Dopo la battaglia contro la malattia quello che si presentò al via del Tour ’99 era un Lance diverso nel fisico e probabilmente nella mente. Pronto a vincere e stupire a qualsiasi costo, conquistò la Grande Boucle conquistando la cronometro vinta a Metz l’11 luglio bissata due giorni dopo al Sestriere. Fu il primo passo di una serie di passi forse fin troppo grossi che, uniti a una insana spinta alla vittoria, a un carattere tutt’altro che mansueto e alla facilità nel scendere a compromessi lo portarono ad inciampare.

Lance venne accolto come il nuovo che avanza, come una nuova visione del ciclismo (segnato dallo scandalo Festina del 98 e dall’Affaire Pantani al Giro ’99). Un salvatore della patria giunto dal Texas per garantire la redenzione del ciclismo. Come sono andati i fatti lo sappiamo tutti e non vogliamo nemmeno ritornarci.

Lance Armstrong contro Pantani al Monte Calvo

Quello di cui vogliamo parlare è dello scontro Armstrong Vs Pantani sul Monte Calvo nel 2000.

Il Pirata era stato il salvatore del Tour 1998 nonché l’astro ormai consolidato del ciclismo degli anni 90: secondo al Giro e terzo al Tour del 94. Le imprese di Marco Pantani sono memorabili a partire dalle vittorie sull’Ape d’Huez 1995 e 1997, di Guzet Neige 1995 e di Morzine 1997. Il Giro 98 è la sua consacrazione, il Tour dello stesso anno la sua apoteosi, l’ascesa nel paradiso del gotha del ciclismo.

Il 1999 doveva essere l’anno del bis al Giro (e forse al Tour) del Pirata ma i fatti del 5 giugno a Madonna di Campiglio consegnarono la rosa a Ivan Gotti e fecero mancare al texano il rivale più arduo verso la conquista del Tour de France.

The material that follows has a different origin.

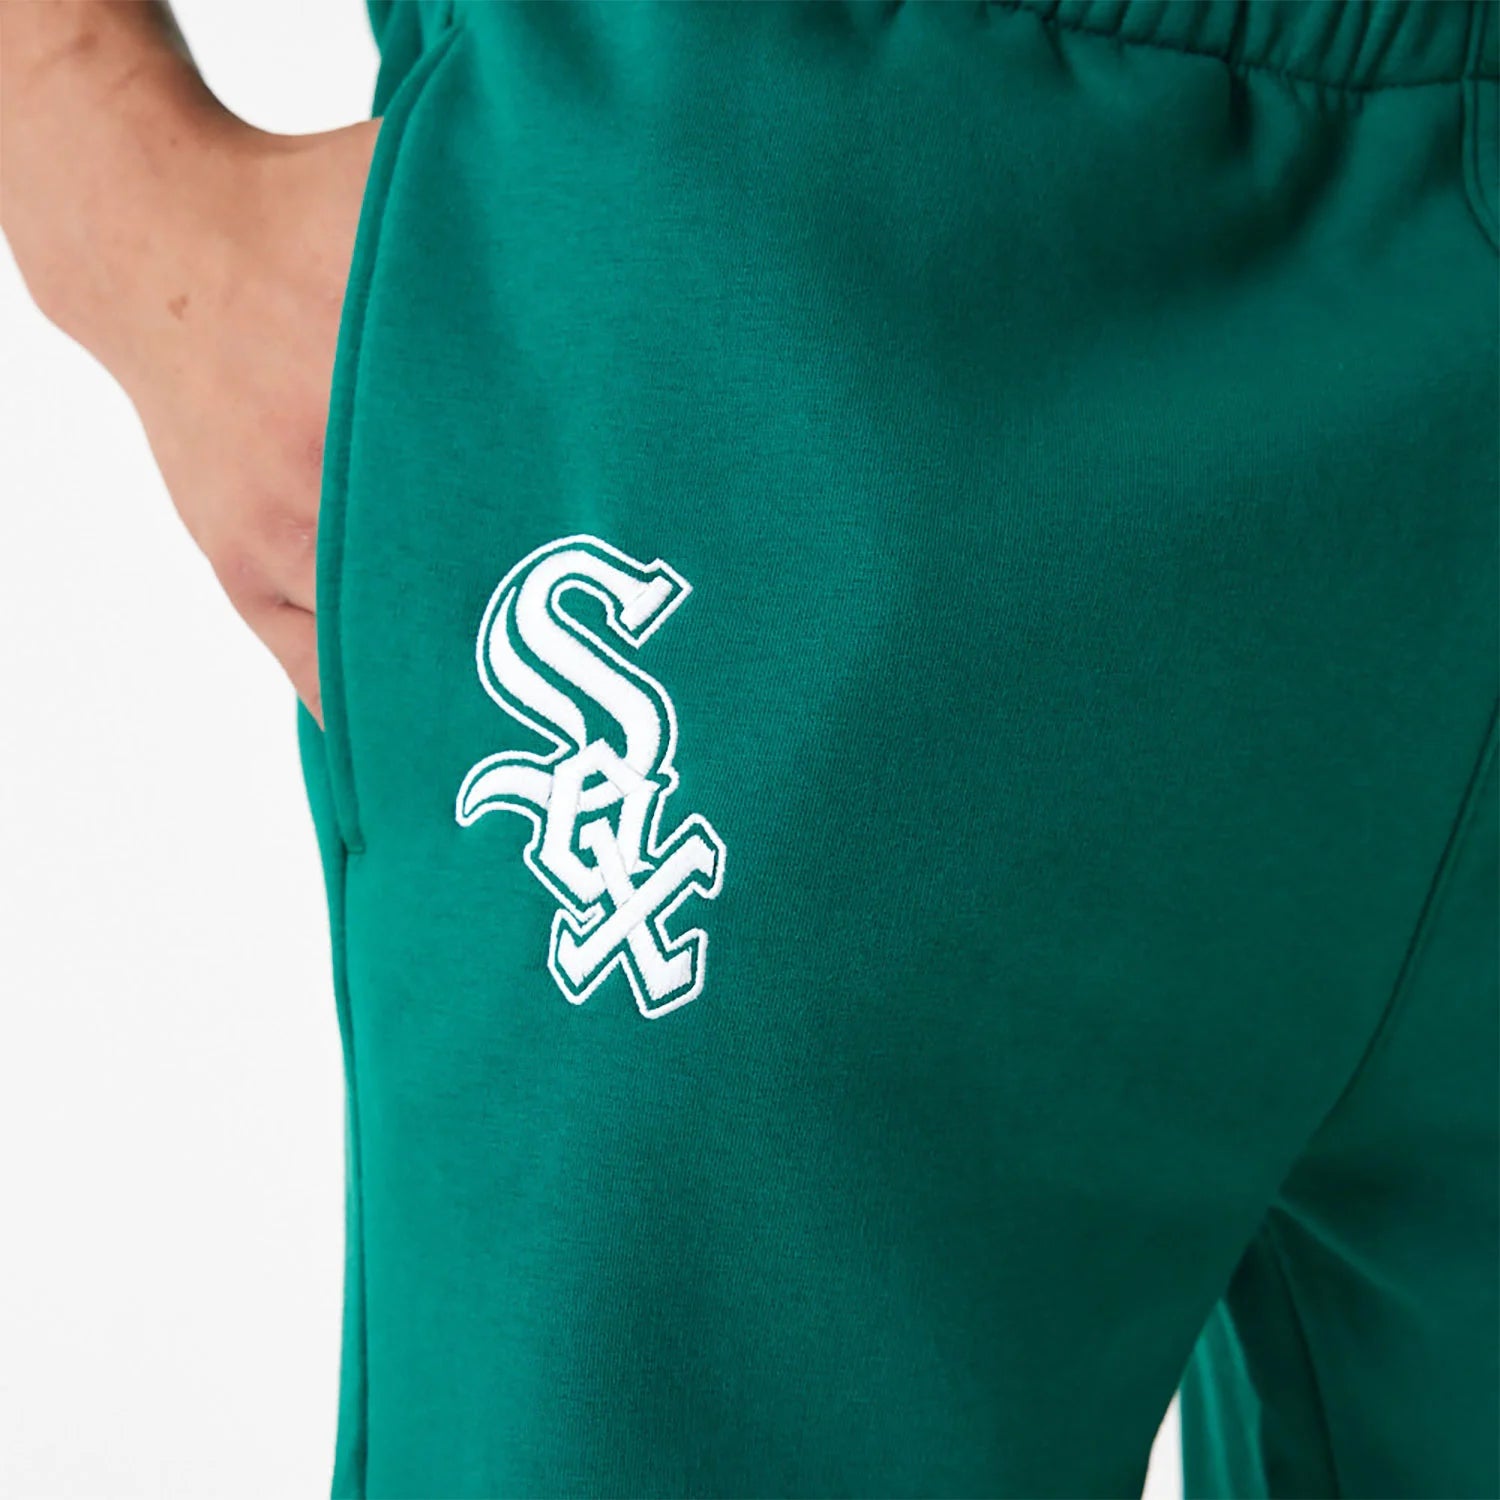 New Era - "Essentials" Chicago White Sox Green Pants

Mentre Lance ne luglio del 1999 vive il primo passo della sua favola (o farsa) il nostro Marco inizia la lenta discesa agli inferi della depressione e degli eccessi. Insomma un percorso di selezione (innaturale?) che spianò la strada al texano dagli occhi di ghiaccio.

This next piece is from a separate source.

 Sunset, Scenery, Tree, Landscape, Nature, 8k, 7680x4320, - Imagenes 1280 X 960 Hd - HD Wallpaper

Il romanticismo di Marco Pantani e del ciclismo in generale stava per essere spazzato via dal freddo calcolatore, dal campione scientifico, dal team stellare e dominante Made in USA. Il colpo micidiale venne però sferrato, appunto, al Mont Ventoux nel 2000.

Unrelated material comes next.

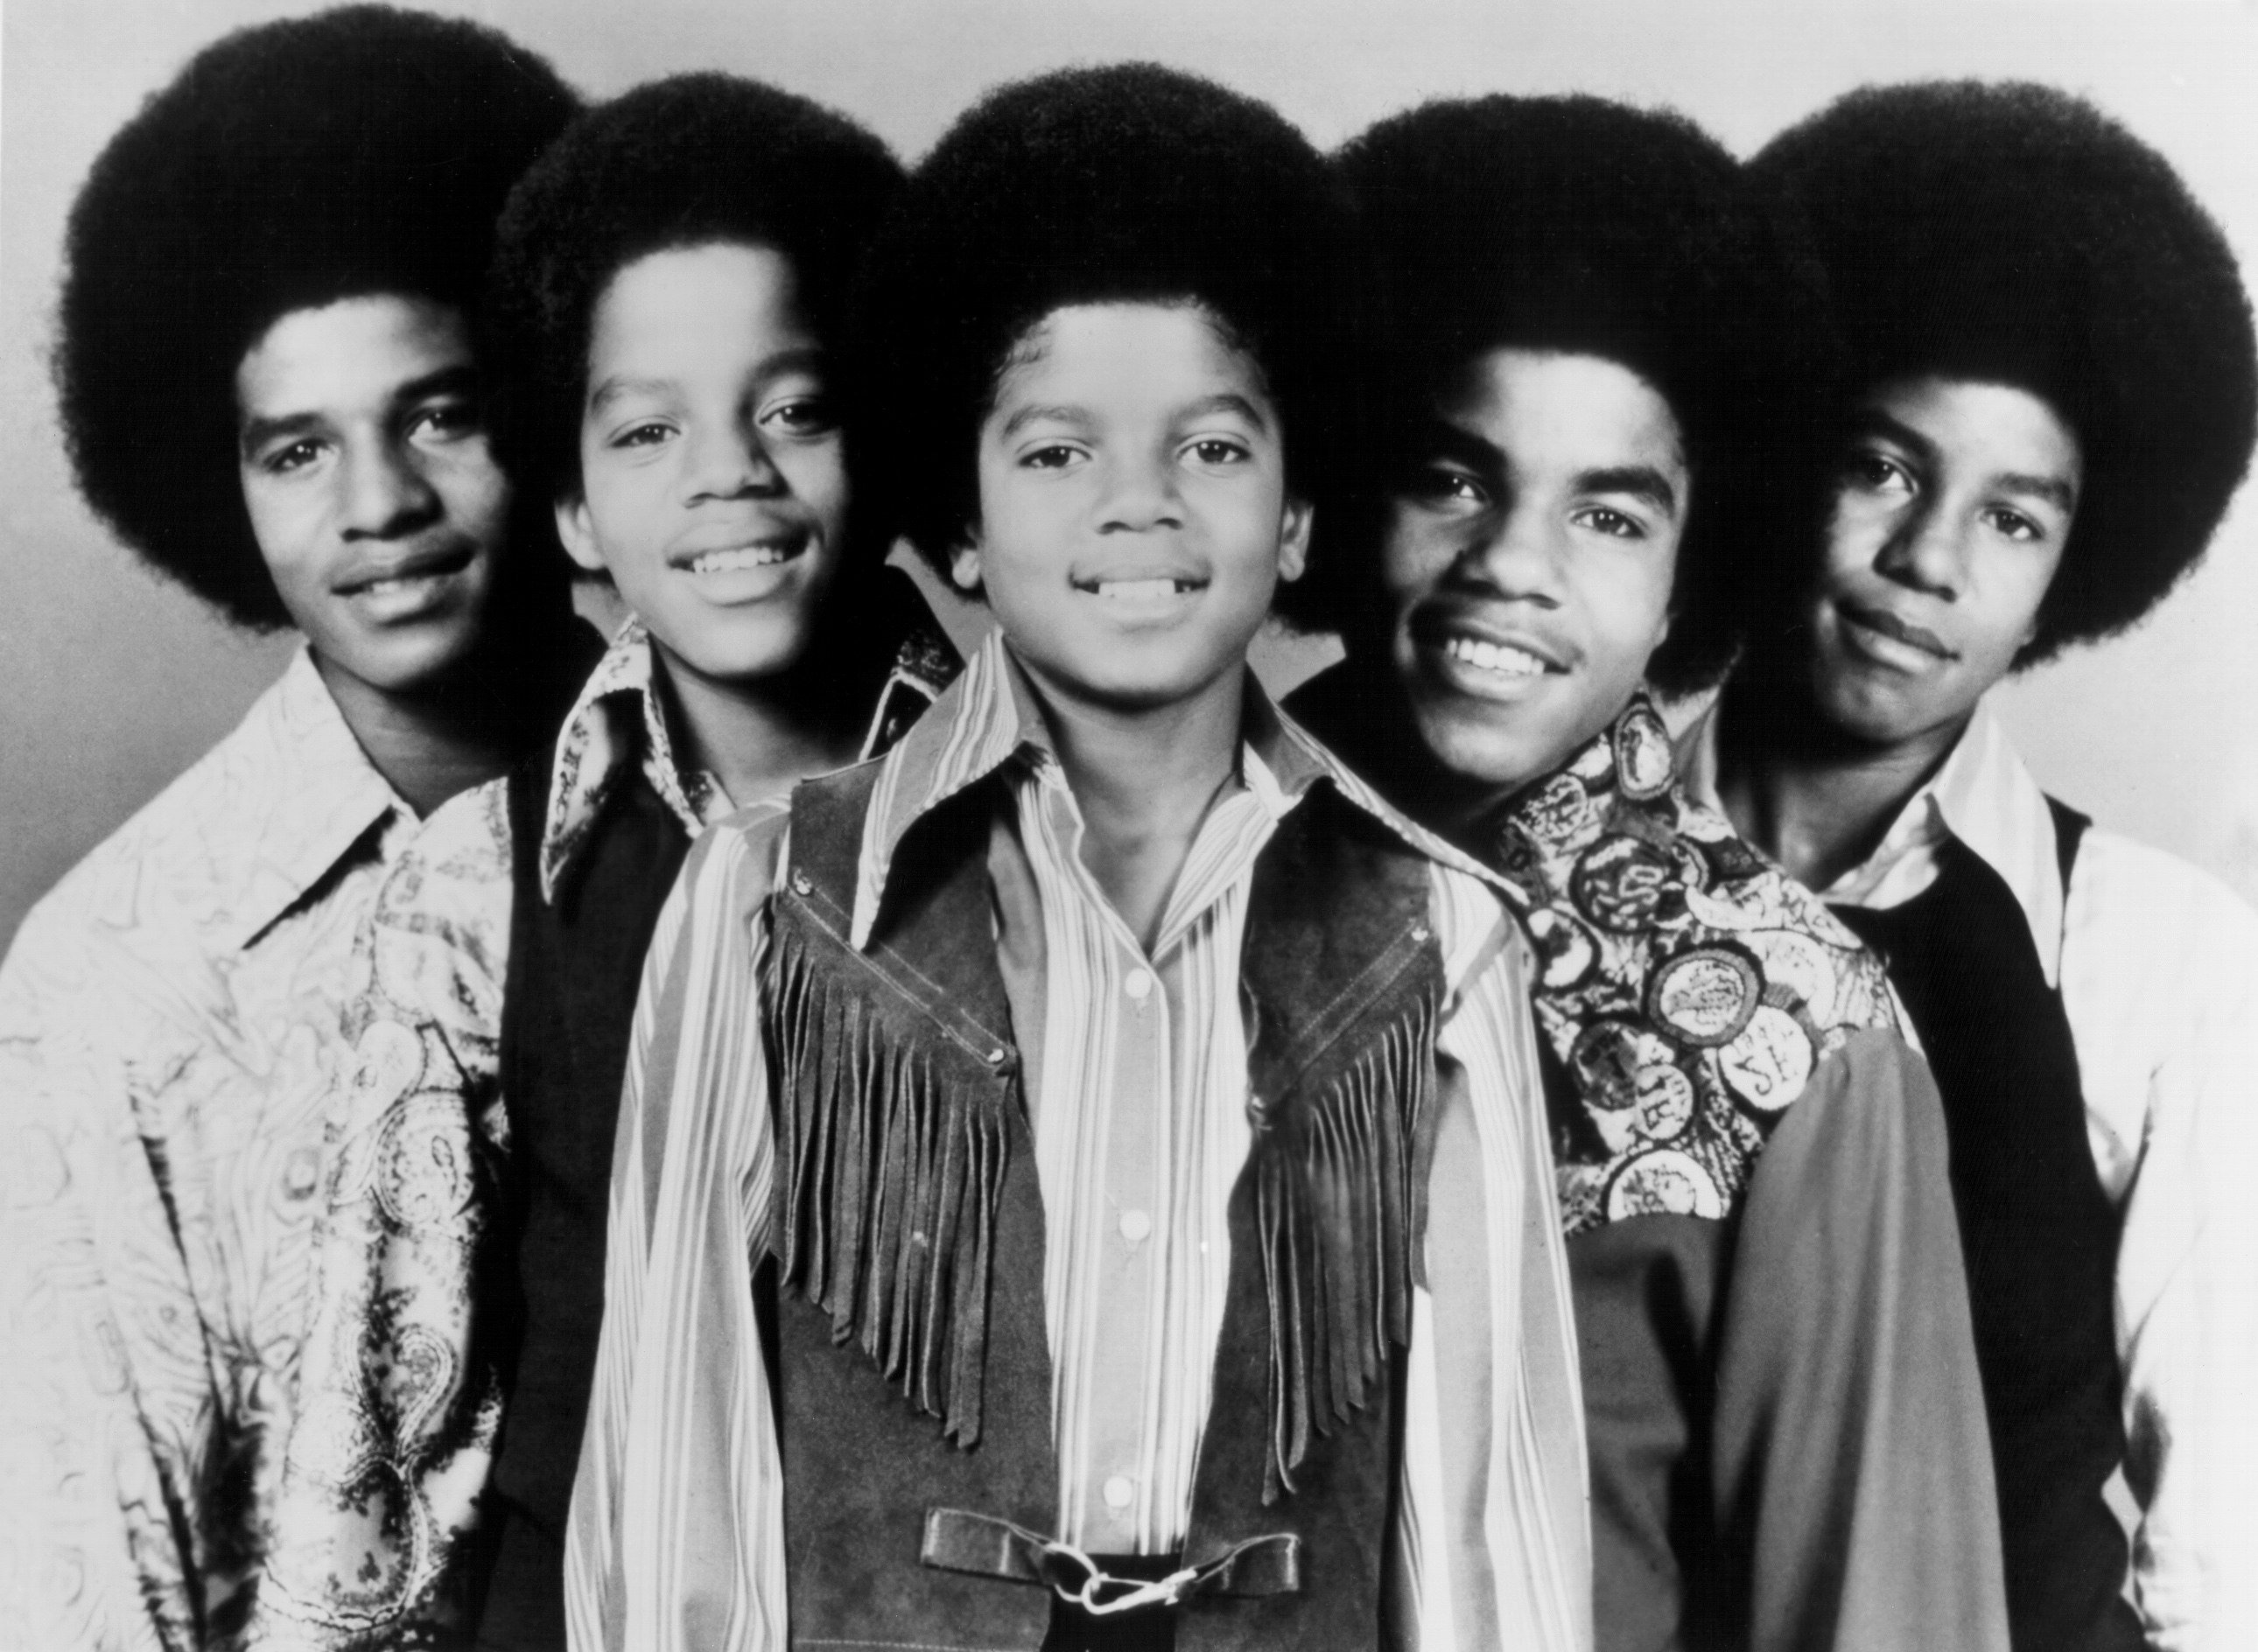 The Jackson 5's Tito Jackson, Marlon Jackson, Michael Jackson, Jackie Jackson, and Jermaine Jackson standing in a row

Il 13 luglio di quell’anno, lungo i 20 chilometri della ascesa al Mont Ventoux si sfidarono il capitano della US Postal e un già tormentato Marco Pantani. Il Pirata, perseguitato dagli incubi, si era rimesso in sella disposto a mostrare al mondo il suo valore e quel dì, lungo i sentieri della Provenza messi in poesia da Francesco Petrarca, voleva dimostrare di essere ancora lo scalatore numero uno, a pane e acqua sempre il miglior grimpeur del mondo.

Marco attacca, attacca da Pirata. La strada sale e Marco è li e Lance non lo molla. Marco attacca, Armstrong risponde. La coppia arriva al tragurdo. Vince Marco, si nota che Lance lascia il passo al romagnolo che alza le mani, campione stanco in un triste trionfo.

Non importa se la vittoria è “concessa” dal re texano, quella è una la legge non scritta del ciclismo, se hai la maglia della tappa “te ne freghi”. Ma la legge non scritta prevede anche il silenzio ma l’ego del texano, lo si scoprirà lentamente, è planetario e deve uscire anche in quel frangente.

Marco a cui il destino non ha risparmiato nessuna delusione, non vuole ringraziare nessuno, questione di carattere. Armstrong, cui piace essere riverito come un sovrano, si offende e pugnala il rivale spiegando quello che non c’è bisogno di spiegare: afferma ai microfoni di averlo lasciato vincere, trasformando così una forma di cavalleria in dardo avvelenato per una persona già in difficoltà.